What it is, and what the ratings mean for fit
The Siemens SENTRON 5SU1324-6KX40 is a 2-pole RCBO rated 40 A at 30 °C with Type A fault-current sensitivity. It detects sinusoidal AC and pulsating DC fault currents. The B-curve tripping characteristic suits resistive and general-purpose loads. Breaking capacity is 10 kA per EN 60898 at 110/120 V AC, 50 Hz — enough for most residential and light commercial distribution boards where the prospective short-circuit current stays under that threshold. The 2-pole (2P) form switches both phase and neutral, and the device is rated for overvoltage category III (distribution-level surge immunity) with pollution degree 2.
Derating and thermal reality — what the current numbers actually tell you
The 40 A rating at 30 °C is the headline number, but the real-world current capacity drops steadily as ambient temperature rises inside the enclosure. At 40 °C it's 37.6 A; at 50 °C it's 34.8 A; at 60 °C it's 32.4 A; at 70 °C it's 29.2 A. If your panel runs hot — say 50 °C ambient — you need to treat this as a 34 A device, not 40 A. The mounting position is any, which helps when you're packing DIN rails tight, but the derating curve is what governs the safe continuous load.
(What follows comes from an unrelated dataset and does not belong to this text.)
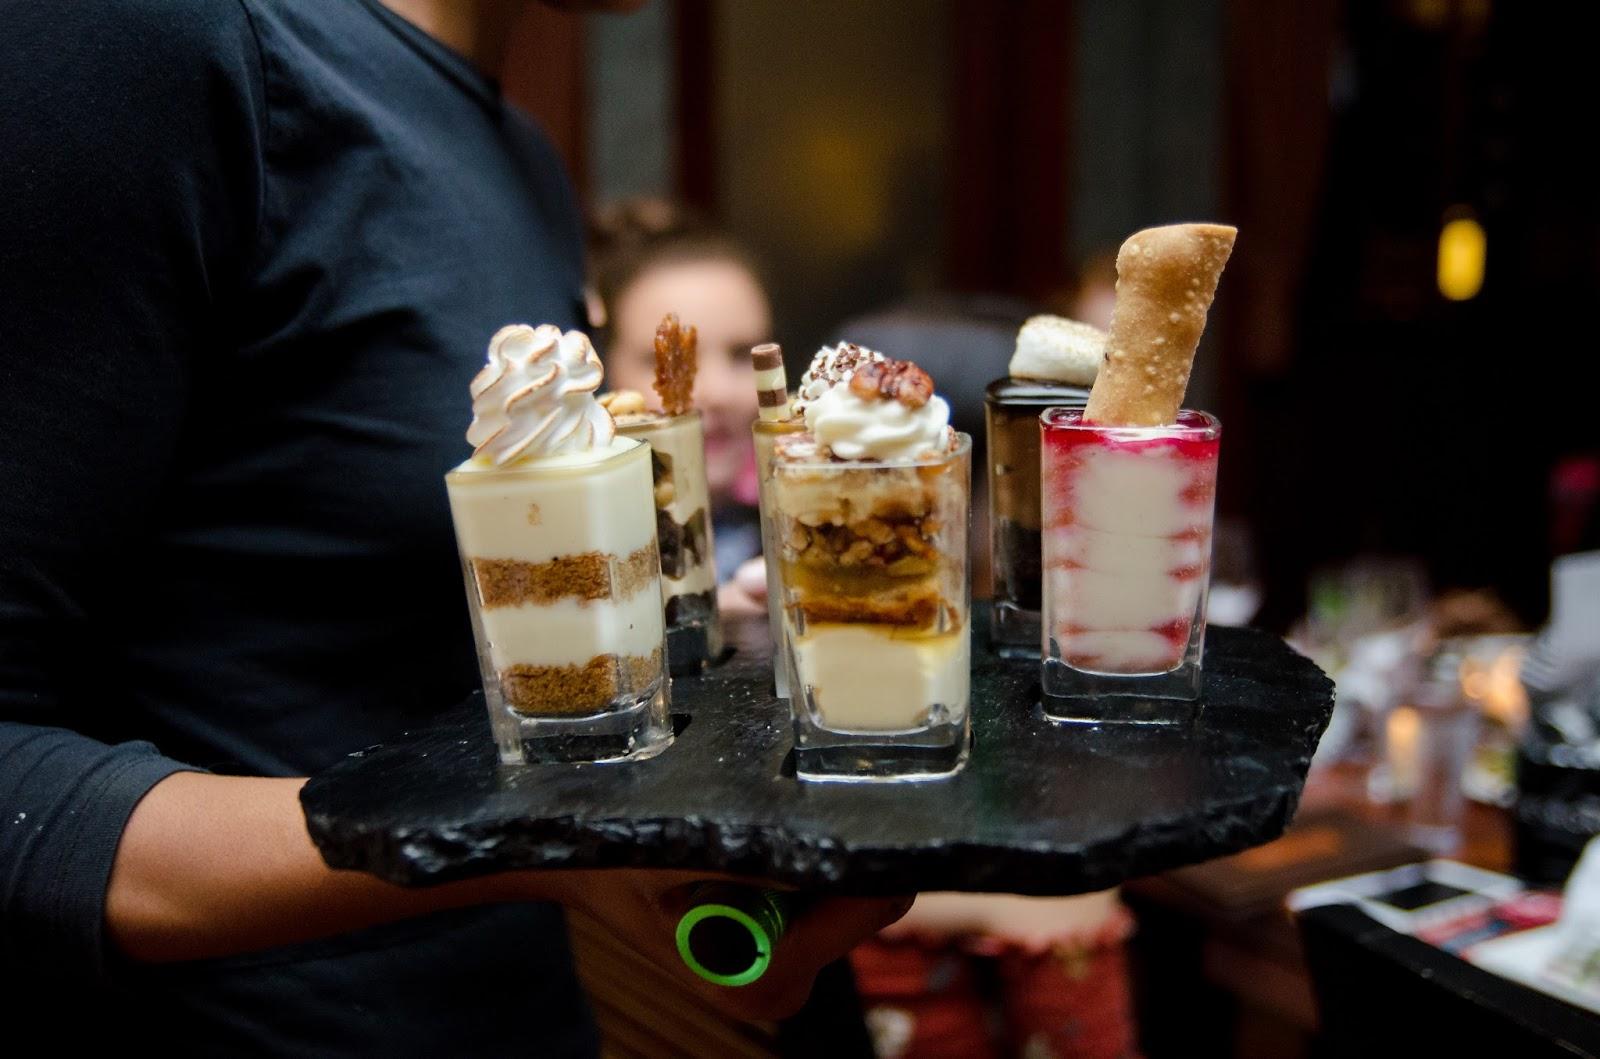 Studio 52 Desserts

DIN-rail footprint and panel integration
Width is 54 mm (3 width units at 18 mm each), depth 77 mm, height 90 mm, with an installation depth of 70 mm into the distribution board. It snaps onto standard 35 mm DIN rail. The IP20 rating applies only when the distribution board is installed with connected conductors — so it's protected against finger contact inside the enclosure, not for wet or dusty locations. Supply can enter from either top or bottom, which saves time when you're retrofitting into an existing board with fixed busbar orientation.
Lifecycle and sourcing posture
Production status is current. This part is in active manufacture by Siemens under the SENTRON brand. No end-of-life notice or last-time-buy window is available. Availability and pricing are confirmed at quote time through independent distribution channels.